→ INFORMATION SUPPLIED
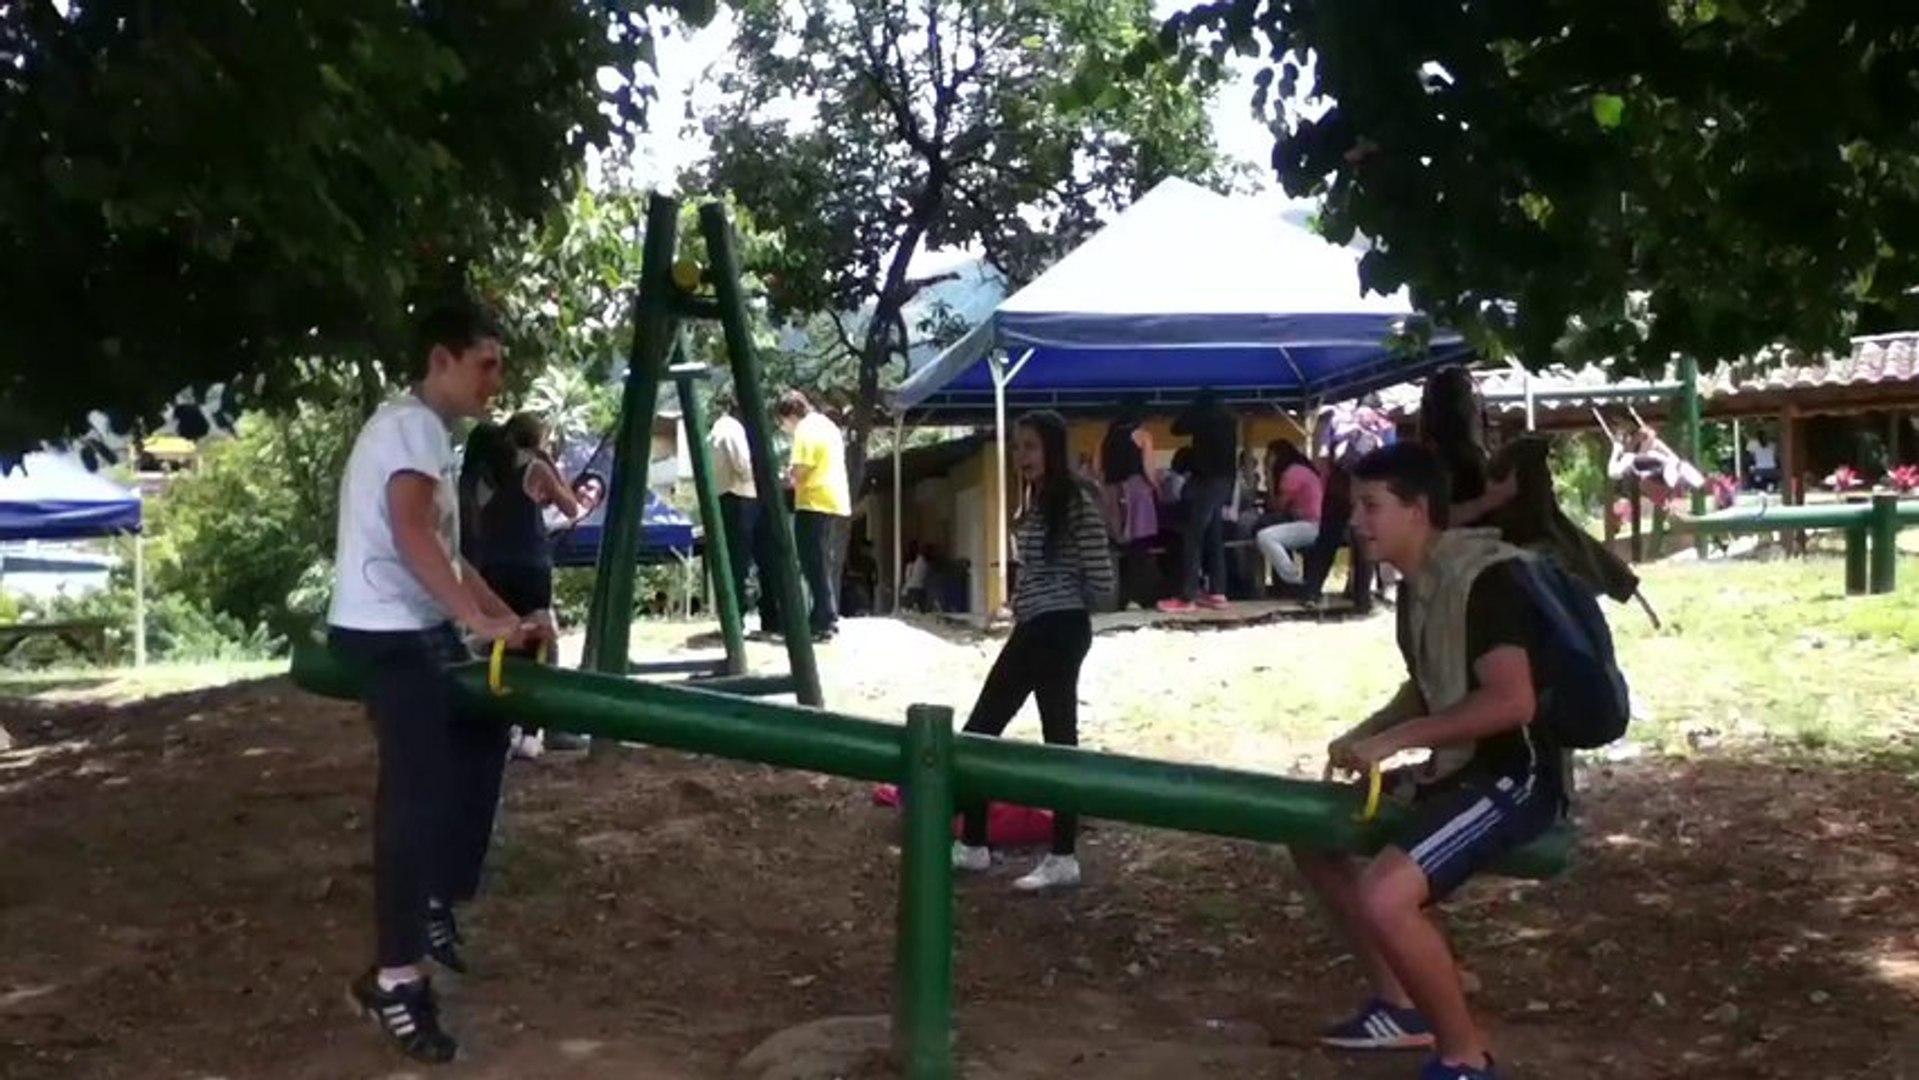 Kids playing at school fail
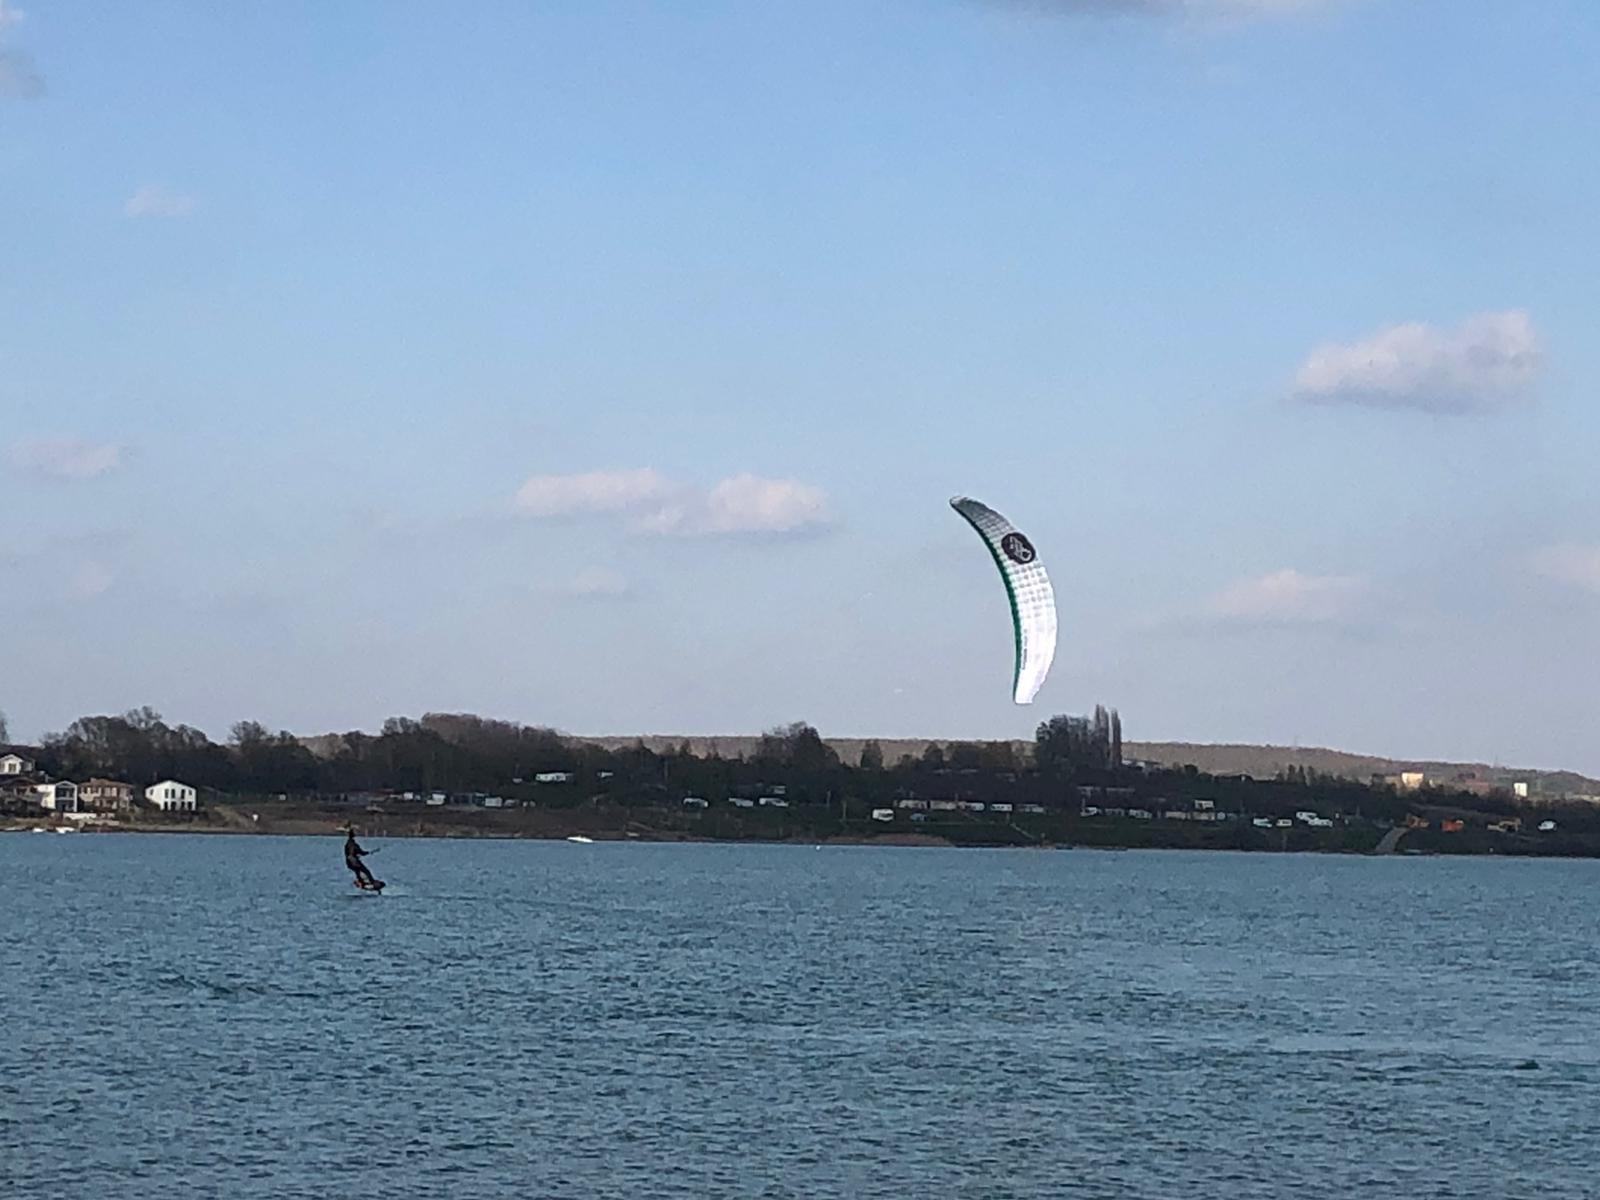 Hydrofoil Kite Kurs
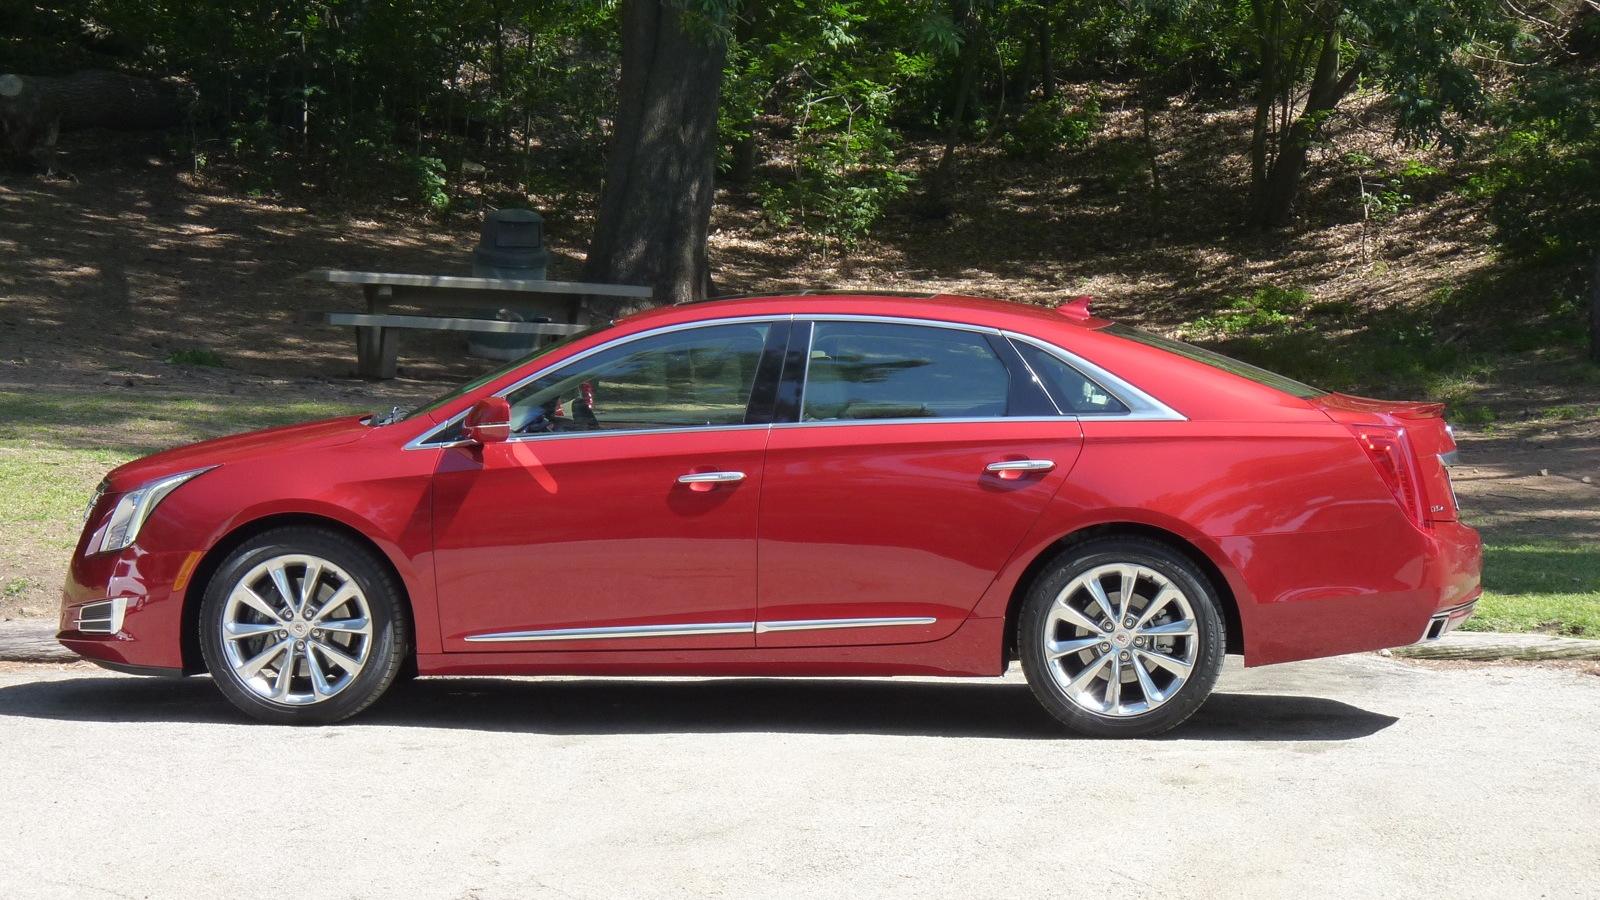 2013 Cadillac XTS first drive review

→ TASK REQUIREMENTS
For this exercise, return the data above exactly and leave every picture out.

→ EXERCISE SOLUTION
 Kids playing at school fail
 Hydrofoil Kite Kurs
 2013 Cadillac XTS first drive review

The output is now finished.